Additionally my opponent never discusses Virginia Code Section 40.1-103. The law states It shall be unlawful for any person employing or having the custody of any child willfully or negligently to cause or permit the life of such child to be endangered or the health of such child to be injured, or willfully or negligently to cause or permit such child to be placed in a situation that its life, health or morals may be endangered, or to cause or permit such child to be overworked, tortured, tormented, mutilated, beaten or cruelly treated. Any person violating this section shall be guilty of a Class 6 felony.

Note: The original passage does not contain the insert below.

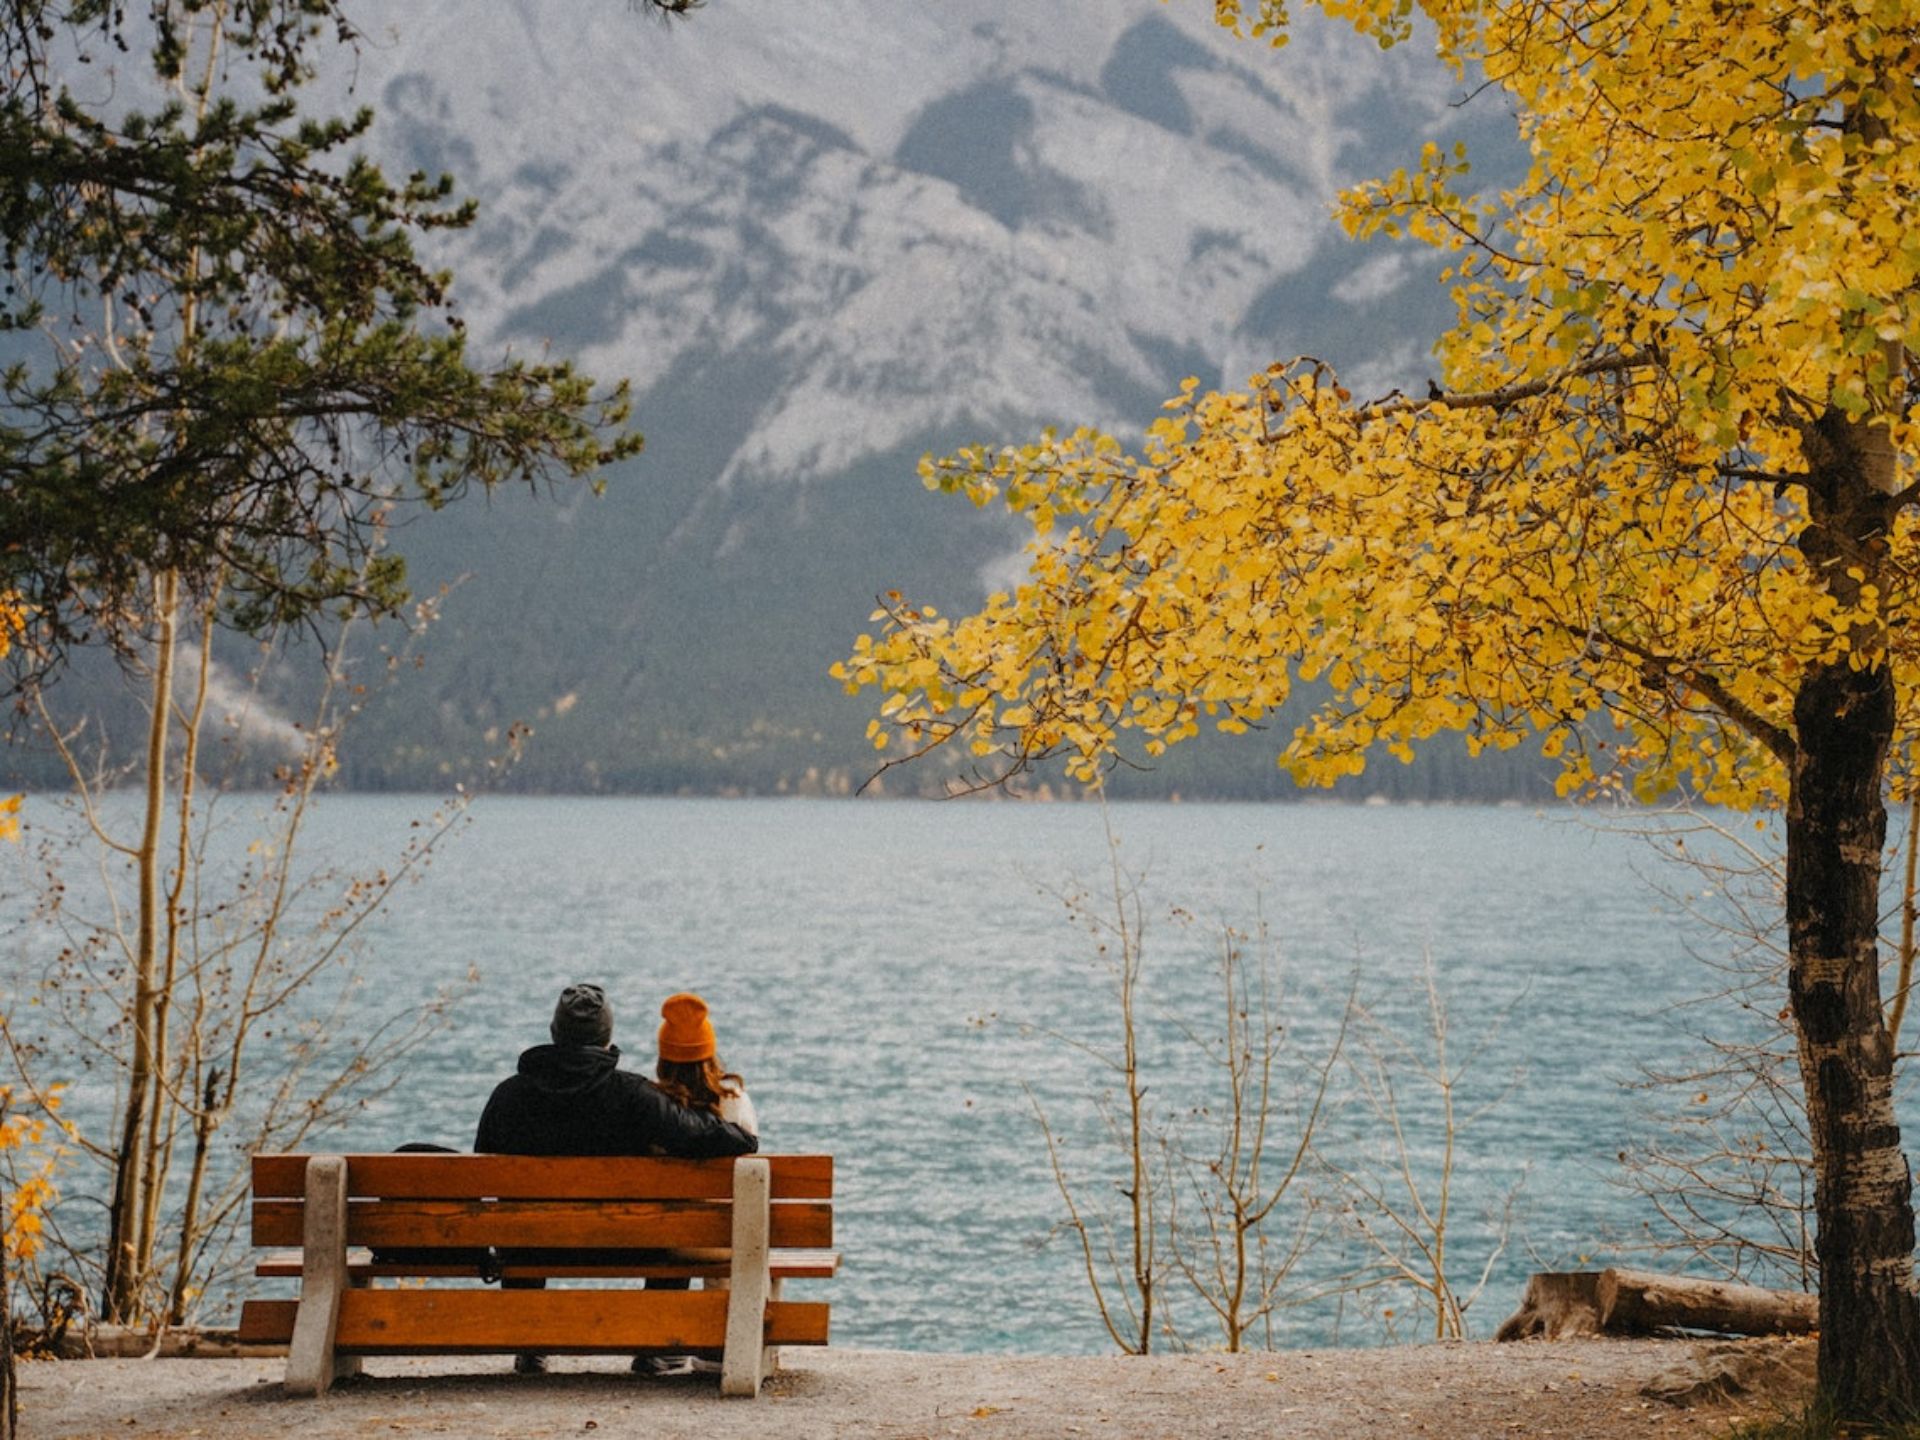 A couple sitting by the lake.

I believe this case could have been argued utilizing this statute. Who would not feel that a child is tortured, tormented, cruelly treated, or health may be endangered under the circumstances described in this case?
Church Youth Director Case: Sex with a Minor
Since my opponent himself brought up a church youth director case that I never mentioned, I will touch on a different one of those. Visit,
As you can see, this case was a plea agreement to an entirely suspended sentence in a sexual assault case involving a youth pastor engaged in a several year relationship with an underage girl.
Closing Remarks
In closing, the reason these cases were referenced is because my opponent ended his comments for the evening with “I NEVER DO PLEA AGREEMENTS IN CASES OF VIOLENT CRIME OR SEXUAL ASSAULT.” The Antosh case is an example of a violent crime. I know my opponent called the officer’s injuries “flesh wounds” but the attack on those officers was a violent crime. Most consider adult youth pastors and elected state delegates engaging in sex with underage children as sexual assaults.
Contrary to my opponent’s comments, one only has to look at articles in the Free Lance Star to know that he and his Office routinely enter into plea agreements (charges and sentence agreed upon) with defendants who are charged with violent crimes or sexual assault. Many times, I have no doubt that they are justified in doing so, but according to my opponent’s statements at the NAACP meeting, they do not do them at all. One may look at the Spotsylvania court records to see hundreds of others. One may view two recent armed robbery defendants, Adam Perminter and David Ward who entered into agreed upon plea agreements within the last month. One received two years and the other four years for the armed robbery of 7-11. This was the third robbery each was involved in. They received 15 and 10 ½ respectively in the City of Fredericksburg after pleas were entered to the charges and arguments were heard by the Circuit Court on sentencing. Robbery and the use of firearms during a robbery are violent crimes!
My opponent’s comment at the NAACP meeting was not a half truth, it was 100% entirely untrue and it is incredibly interesting that he felt the need to go onto Facebook the very next day to DEFEND THE VERY THINGS HE ENDED THE MEETING BY SAYING HE NEVER DOES.
Lastly, my statement was 100% true and accurate as I stated my opinion, and before questioning my integrity and my comments, perhaps my opponent should consider his own closing remarks that everyone present heard him make. One that he and everyone present knew to be 100% false.